We did a review on it last year.

http://www.microskiff.com/reviews/boats/15HPX-V.html

Cheers
Capt. Jan


----------



## el9surf (Dec 23, 2008)

I own one and coincidentally am trying to sell mine due to lack of a job. Send me a pm and I'll give you my ph#. I have had mine for 3 years and love it.
If you are up around Orlando I will be happy to take you fishing.


----------



## bsfl (Jul 30, 2009)

Sounds like you liked it Jan, Any other opinions? Main use would be Biscayne, a little PI sound and Mingo. Thanks for any input


----------



## el9surf (Dec 23, 2008)

I forgot to answer your questions
It poles nice and straight and with very little effort. I pole it quite frequently by myself for 6 hours at a time. I usually fill a cooler with water and put it on the front of the bow to balance the boat when solo. That or start the day with a full gas tank. 
The ride is great, it handles a chop surprisingly well for a small boat. It has a good bit more v in the entry and deadrise than the micro. Just put the tabs down and let the entry v and spray rails do the work. The deadrise also helps soften up what the bow misses. With 12.5 gal tank and the 40 it has great range for a 15ft boat. 
Hope that helps.


----------



## bdolnik (Jan 7, 2011)

How much are you asking for yours? And it's a 2007 model? I'm over in Melbourne and would be interested in talking to you about it.


----------



## el9surf (Dec 23, 2008)

Domino, check your PM


----------



## rtcrawl30 (Dec 7, 2010)

My buddie has one as a tender on a 65' hattie. That little boat is sick, rides so good for a 15. We fish it, dive off of it. Little slow with a 40 4 stroke. We just put a new 2010 70 2 stroke on her to speed it up. Great boat!


----------



## el9surf (Dec 23, 2008)

Damn with a 70 I bet the thing flies. What is top speed with the 70? my guess is 50mph.

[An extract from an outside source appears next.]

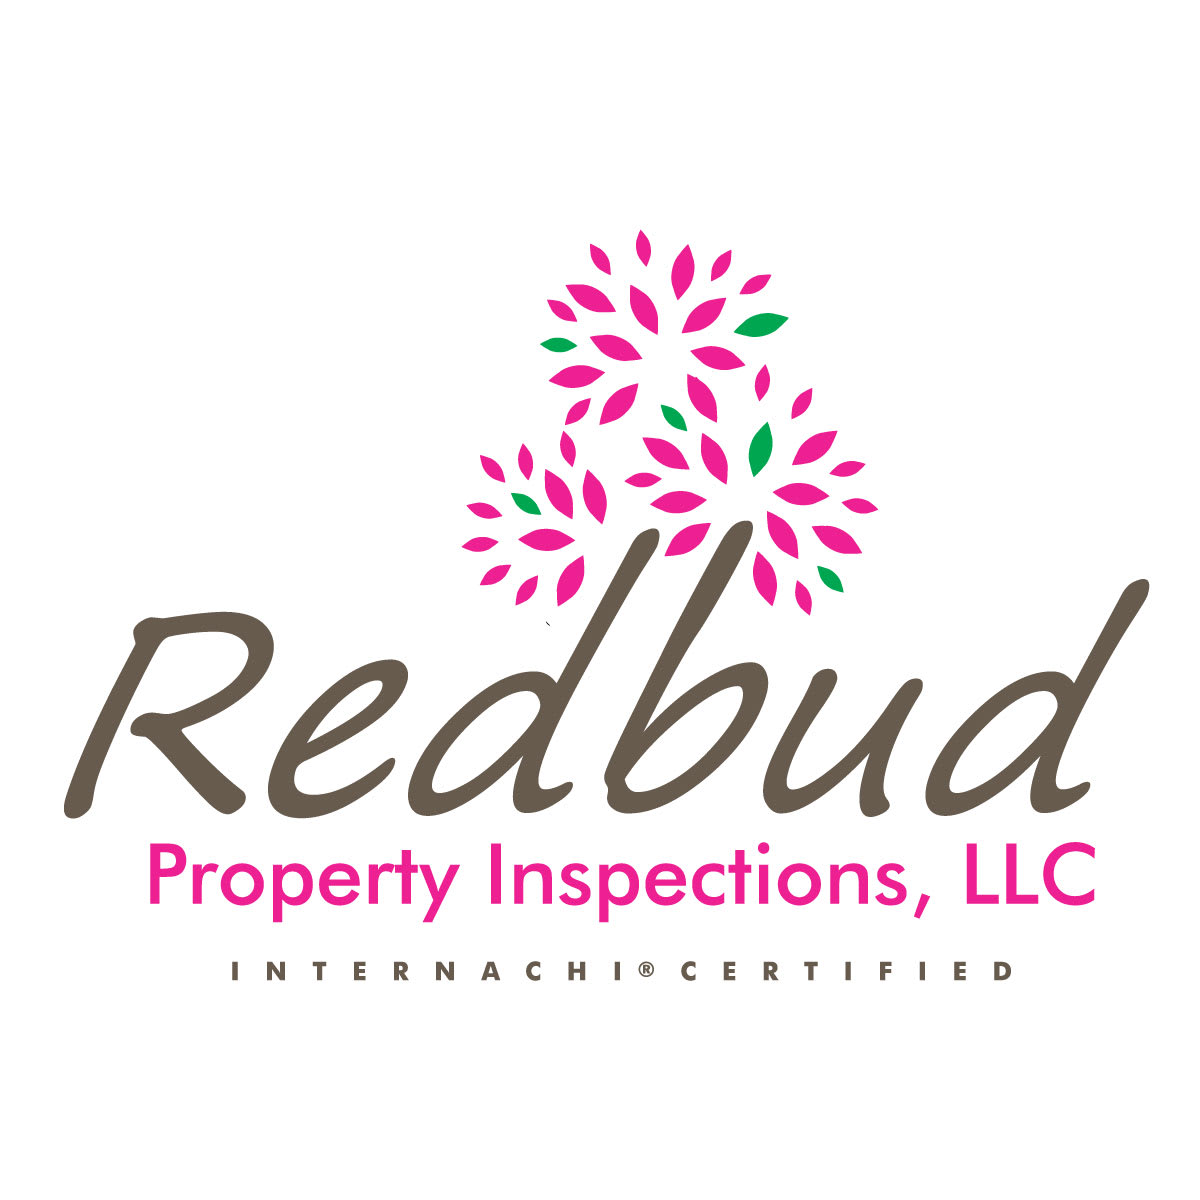 Redbud Property Inspections, LLC Logo

With my 40 4stroke I top out at 31 maybe 32 with an empty boat and the wind at my back 

It's not a speed demon but the flip side of that is the 12 gal tank will last 3 months even if I fish both days every weekend/


----------



## rtcrawl30 (Dec 7, 2010)

52 in a slight chop


----------



## cutrunner (Jun 8, 2010)

I dunno about the fifteen but if its like the seventeen(im gonna catch so much static for this...) i would pick that skiff over any as far as rough water ride and poling goes. Spent many a day on one , and working at a maverick dealership.


----------